Простите любители моих слов, простите и эти народные течения и стечения, и эти трости, пишущие явно и скрытно, и эта решетка, едва выдерживающая теснящихся к слушанию! Простите цари и царские дворцы, и царские служители, домочадцы, может быть и верные царю (не знаю этого), но по большей части неверные Богу! Плещите руками, восклицайте пронзительным голосом, поднимите вверх своего витию! Умолк язык для вас неприязненный и вещий. Хотя он не вовсе умолкнет и будет еще препираться рукой и чернилами; но в настоящее время мы умолкли. Прости град великий и христолюбивый! Ибо засвидетельствую истину, хотя и не по разуму эта ревность, разлука сделала нас более снисходительными. Приступите к истине, перемените жизнь свою, хотя поздно, чтите Бога более, нежели насколько привыкли! Перемена жизни нимало не постыдна; напротив, хранение зла гибельно. Простите Восток и Запад! За вас и от вас терпим мы нападение: свидетель этому Тот, Кто примирит нас, если не многие будут подражать моему удалению. Ибо не утратят Бога удалившиеся от престолов, но будут иметь горнюю кафедру, которая гораздо выше и безопаснее этих кафедр. А сверх всего и больше всего воскликну: простите ангелы, назиратели этой Церкви и также моего здесь пребывания и отшествия отсюда, если только и мои дела в руке Божией! Прости мне Троица — мое помышление и украшение! Да сохранишься у этого народа моего и да сохранишь его (ибо он мой, хотя и складывается жизнь моя иначе); да возмещается мне, что Ты всегда возвышаема и прославляема у него и словом и жизнью! Чада! Храните предания, помните, как побивали меня камнями. Благодать Господа нашего Иисуса Христа со всеми вами.

— Аминь! – сказали собравшиеся люди.

Весть об отплытии Григория распространилась быстро, введя всех в состояние скорби – ни кто не смеялся, ни кто не шутил за прилавками на базаре, дети не играли на улицах, даже царь Феодосий облачился в траурные одежды – он мог бы повлиять на Собор, но медлил; боялся – в итоге, Григорий ушел сам – теперь совесть обличает, мучает, но он, словно умыл руки, подобно Пилату, бездействовал.

— Повлиять на Собор! – думал Феодосий – Пока не все кончено! Пока не поздно! На кого останется Кафедра? На КОГО?

На следующий день, на пристани собралось много народа. Многие плакали. Такого не было даже в Великую Пятницу. Чтобы люди так переживали.
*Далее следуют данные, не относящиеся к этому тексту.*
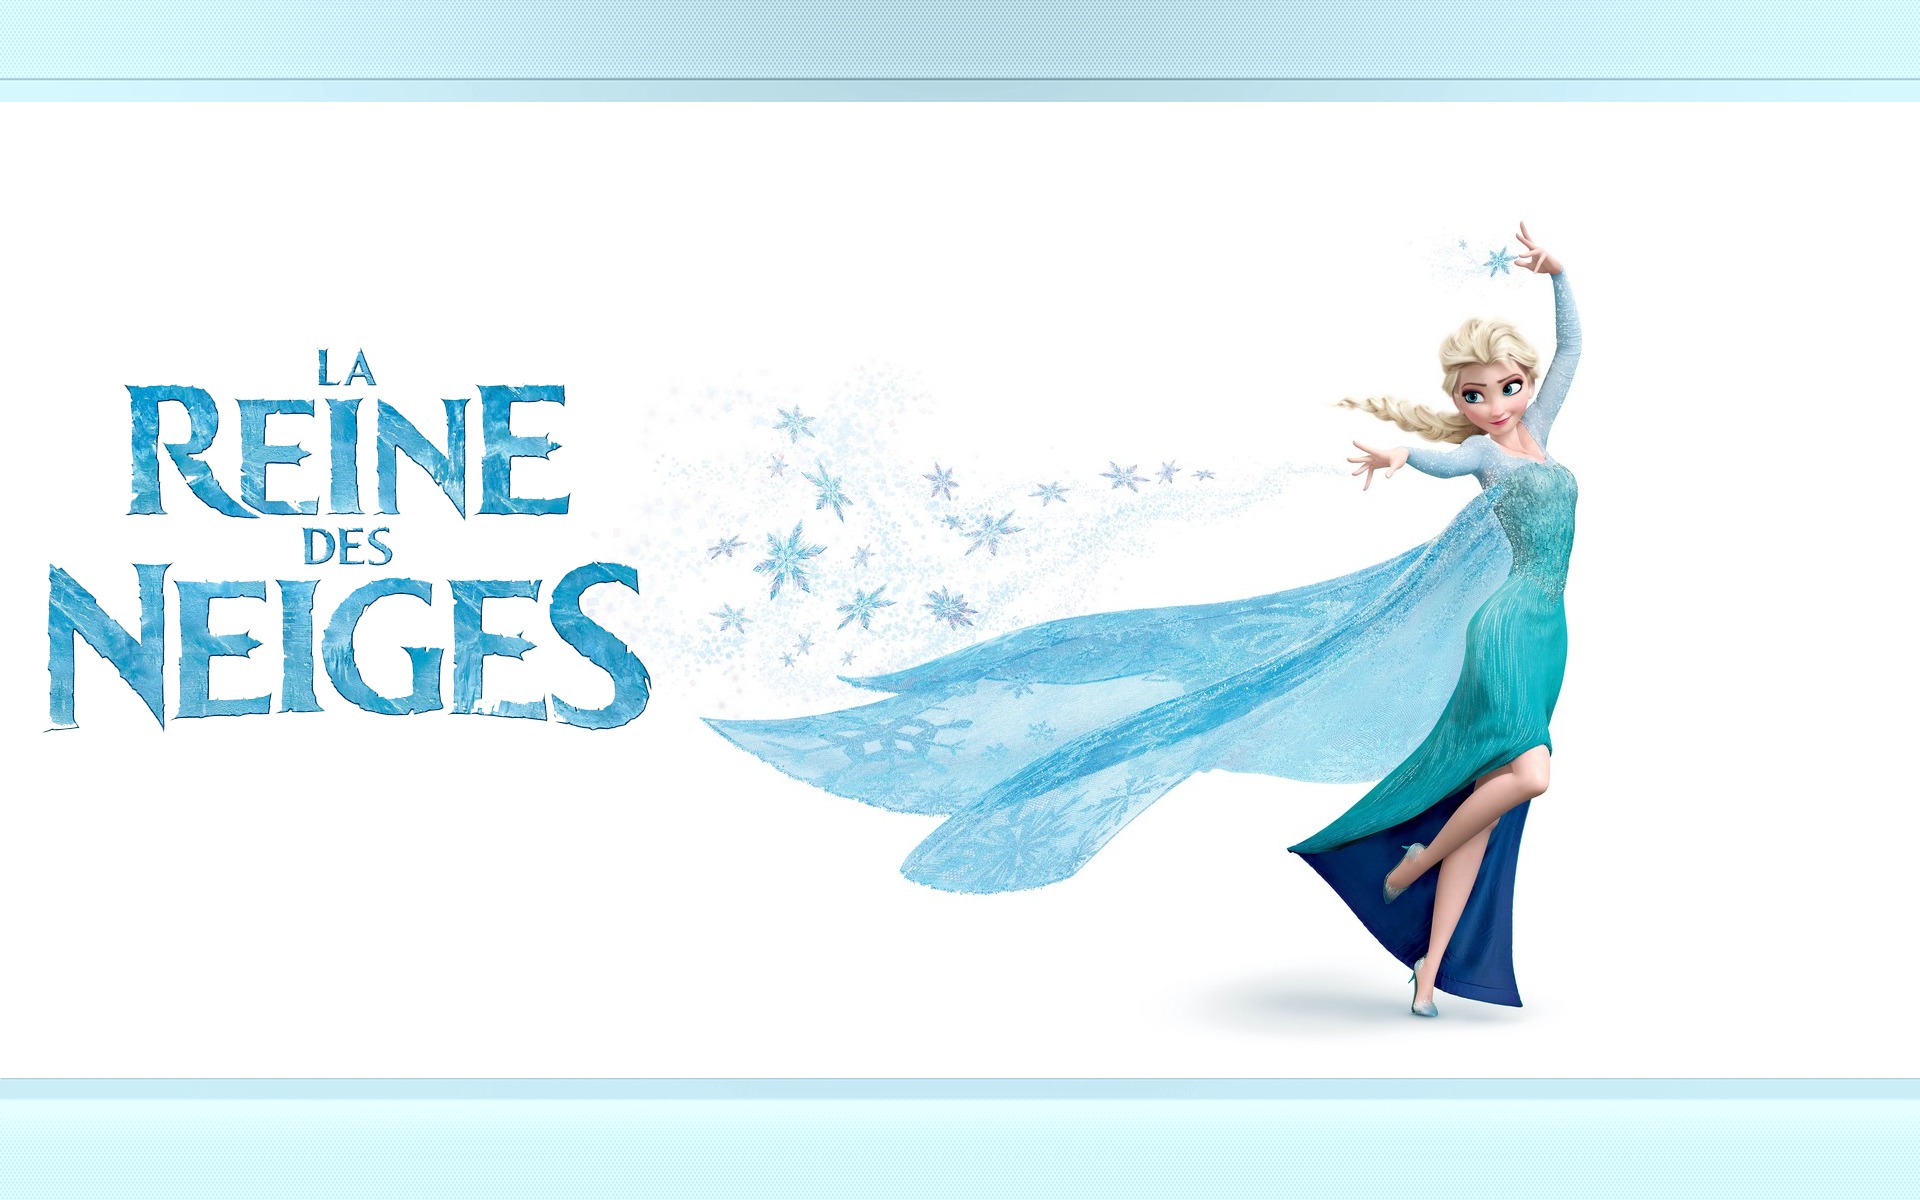 Elsa La Reine des neiges Fond d'écran - Image arrière-plan - Wallpaper Favorisxp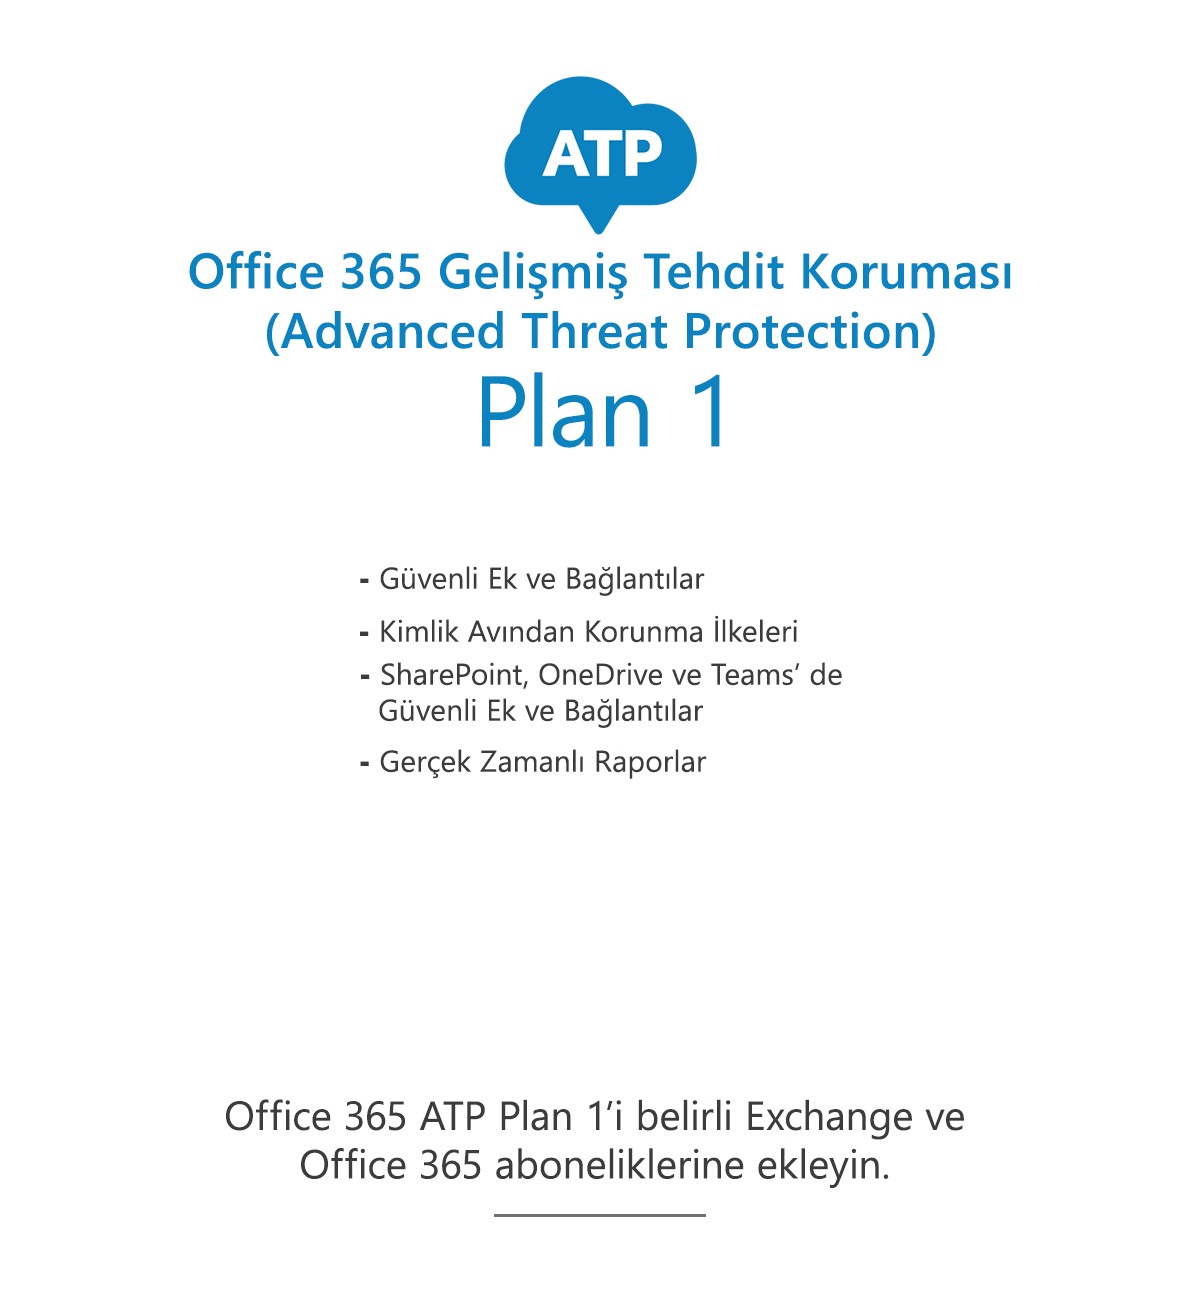 Office 365 Gelişmiş Tehdit Koruması (ATP) Plan 1

Среди плачущих были и те, кто смеялись над Григорием, и те, кто били его камнями, и те, что завидовали, и те, что «пакости деяли» — все, от мала до велика, стали овцами Пастырю, Пастырю с изнеможденным постами и молитвами телом, с поникшим взором, все, приклонились перед Божьей наковальней и те, что любили Святителя, и те, что говорили: «Мы рабы времени и народных прихотей, а  ты – неподвижная наковальня. Как будто всегда одна вера, что так сильно стесняешь догмат Истины, ступая все время по одной скучной стезе слова. Так для чего же тебе, превосходнейший, и народ привлекать говорливым своим языком?», и, даже, юноша Феофан, что пришел как-то убить Григория, но увидев его не дряхлого старика, из-за болезни лежащего на диване, но воина Церкви, окруженного божественной славой и Ангелами, упал к его ногам и… услышал слова: «Твоя дерзость сделала тебя моим. Иди же не посрами меня и Бога!» Что лучшее он мог услышать: его не побили, не предали анафеме, не обругали, но, словно благоразумного разбойника, покаявшегося, простили и пустили с миром. И сейчас, Владыка не прошел мимо, он кивнул ему головой; ни кому-нибудь другому, а ЕМУ, только ему; и не просто – небрежно – но почтительно, как равному. Это еще больше поразило Феофана, других же удивило – действие Любви, исходящее из Владыки.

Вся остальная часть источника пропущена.